By contrast, it is fairly well established that in the data breach context that a disclosure of confidential information by the insured without the intervention of a third party will constitute a “publication” sufficient to fall within coverage. Travelers Indemnity Company vs. Portal Healthcare Solutions, 35 F.Supp.3d 765 (E.D. Va. 2014), aff’d, 644 Fed. Appx. 245 (4th Cir. 2016); Evanston Ins. Co. v. Gene by Gene, Ltd., 155 F.Supp. 3d 706, 708 (S.D. Tex. 2016) (insured published DNA results on its website without the affected individual’s consent).

 

Portal Healthcare is illustrative of this line of cases. In that case, Portal (a company specializing in the electronic safekeeping of medical records for hospitals) entered into a contract with Glen Falls Hospital for the storage of its patients’ records. Evidently by mistake, Portal caused or allowed patient records to be accessible, viewable, copyable and downloadable from the internet without security restrictions. A class action against Portal on behalf of patients was filed. Portal tendered the class action complaint to its carrier which denied coverage.

 

 

In the ensuing coverage lawsuit between Portal and its carrier, the court granted Portal’s motion for summary judgment.
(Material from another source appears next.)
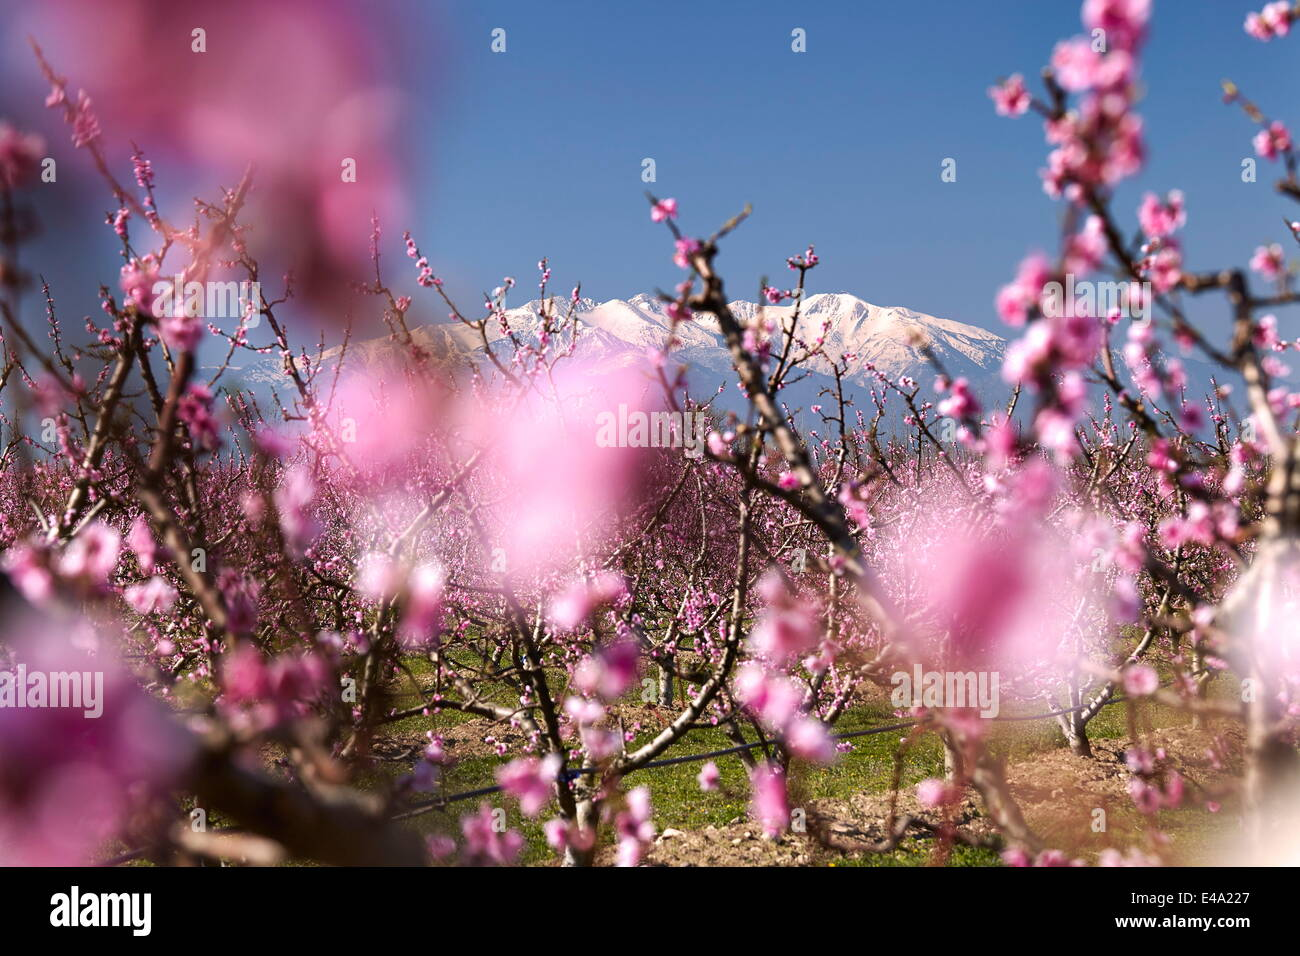 Fruit blossom, Mount Canigou, Pyrenees Oriental, Languedoc-Roussillon, France, Europe - Stock Image

The court held that Portal’s allowing or causing this disclosure constituted a “publication”. Rejecting the carrier’s argument that there was no “publication” because it was not alleged that persons other than the patients themselves had viewed the medical records, the court noted that “publication occurs when information is ‘placed before the public’, not when a member of the public reads the information placed before it. By Travelers’ logic, a book that is bound and placed on the shelves of Barnes & Noble is not ‘published’ until a customer takes the book off the shelf and reads it. Travelers’ understanding of the term ‘publication’ does not comport with the term’s plain meaning, and the medical records were published the moment they became accessible to the public via online search”.

 

Landry’s is pro-policyholder decision because it expands the concept of “publication” to include instances where disclosure as a result of a third party’s conduct (as distinct from the insured’s own conduct, as was the case in Portal Healthcare) will qualify as “publication” for purposes of coverage under a CGL policy. It remains to be seen whether other courts will adopt this approach.

 

Peter Selvin is chair of the Insurance Coverage and Recovery Department at Ervin Cohen & Jessup LLP.